Mirella sees poverty and exhaustion, but Valeria knows there’s more. As responsibilities — to her office, her family, the household — whirl around her, they also give her the cover she needs to burrow into herself. It’s intoxicating to look deeply within, even if she wounds herself in the process of discovery. “Something seems to have changed even in my physical appearance: I look younger, I would say,” Valeria writes, a few months in. “Yesterday I locked the bedroom door and looked at myself in the mirror. I haven’t done that for ages, because I’m always in a hurry. And yet now I find time to look at myself, to write in my diary. I wonder how it is that before I couldn’t.”

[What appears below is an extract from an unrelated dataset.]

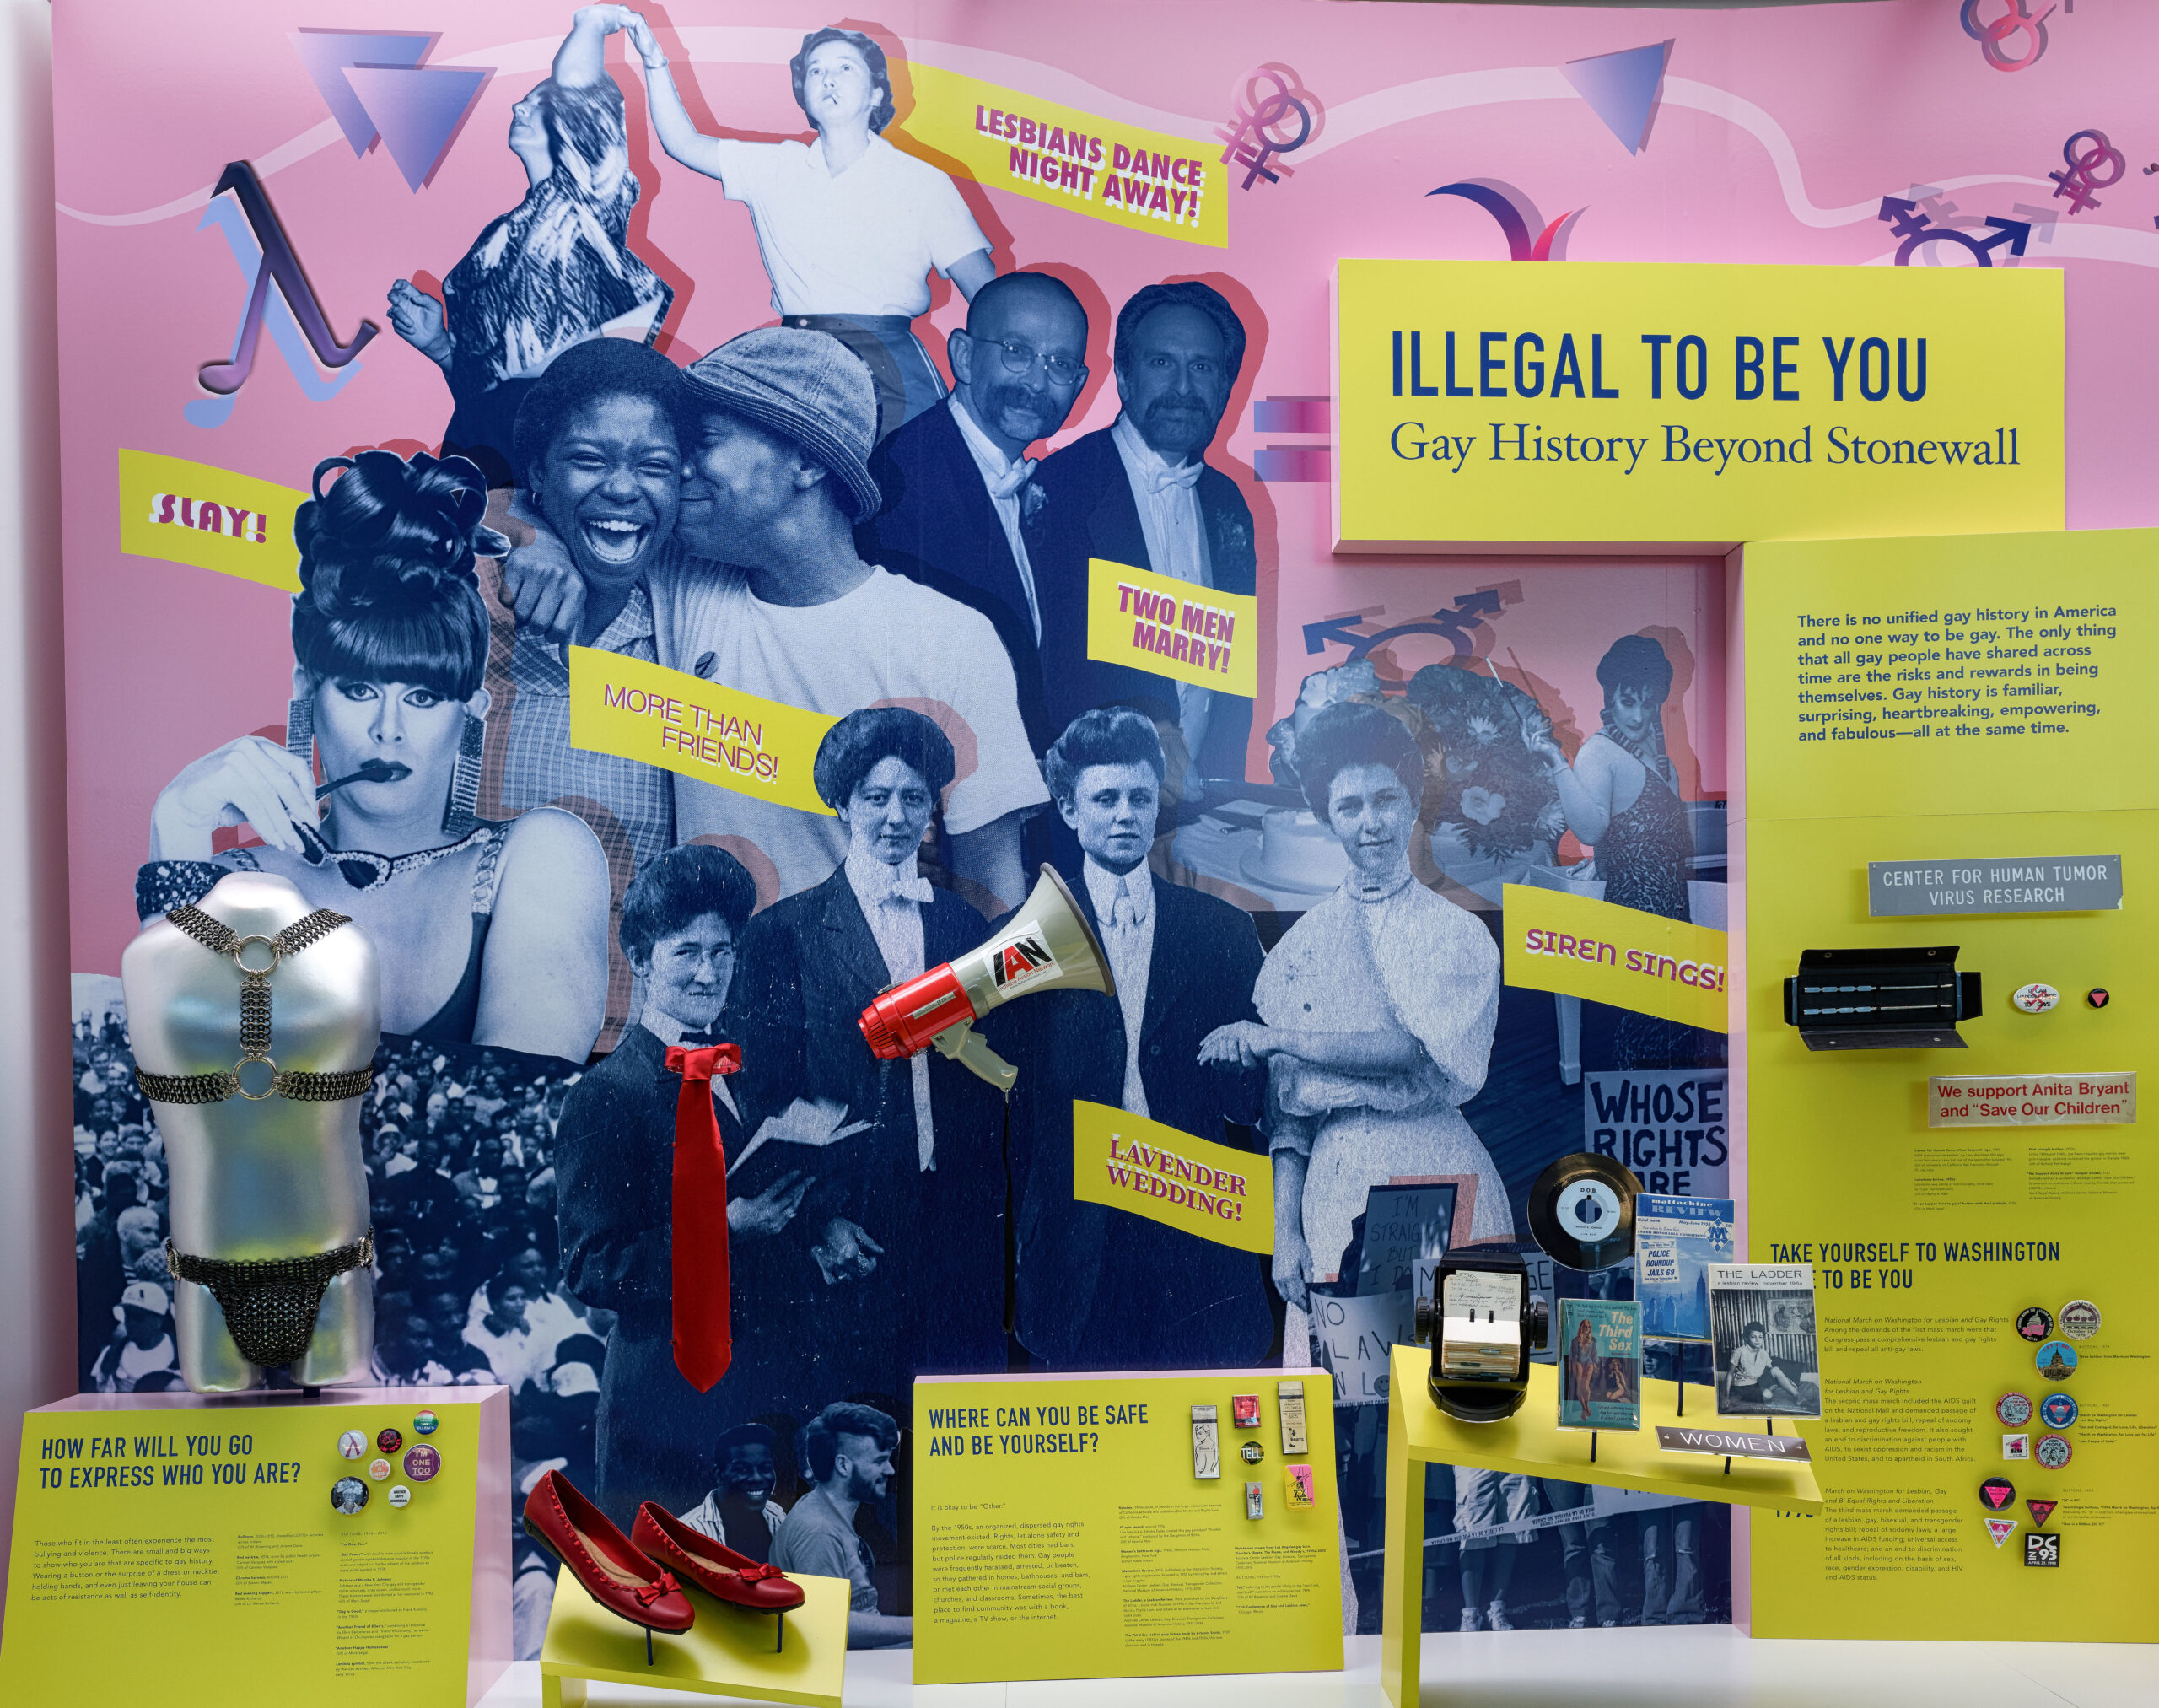 Illegal to Be You: Gay History Beyond Stonewall

Before Valeria’s story was published as a novel, it was serialized in a magazine, La Settimana Incom Illustrata, with the diary entries appearing more or less in real time, from December 1950 through June 1951. I don’t know whether de Céspedes intended from the beginning for the narrative to coalesce into a novel, but I like to imagine the thrill of encountering Valeria’s story in its initial form, a prolonged confession seducing readers week after week. “I try to widen a problem so it becomes everyone’s,” de Céspedes once said of her writing. There might be notebooks darkly glimmering at the bottom of the laundry basket in your own home; your own mamma might be undergoing her own fission.
Again and again Valeria swears to destroy the journal, but the fate of the notebook matters little. She can’t excise the knowledge she’s obtained. “I know that my reactions to the facts I write down in detail lead me to know myself more intimately every day,” Valeria writes. “The better I know myself, the more lost I become. Besides, I don’t know what feelings could stand up to a ruthless, continuous analysis; or who among us, reflected in every action, could be satisfied with ourselves.”
And as she imagines the end to her diary, she recognizes, even hopes, that someone might perceive the change she’s undergone; even if she burns the notebook, as she fantasizes, someone might still smell the smoke. Traces of the odor linger in the air, 70 years on.
Joumana Khatib is an editor at the Book Review.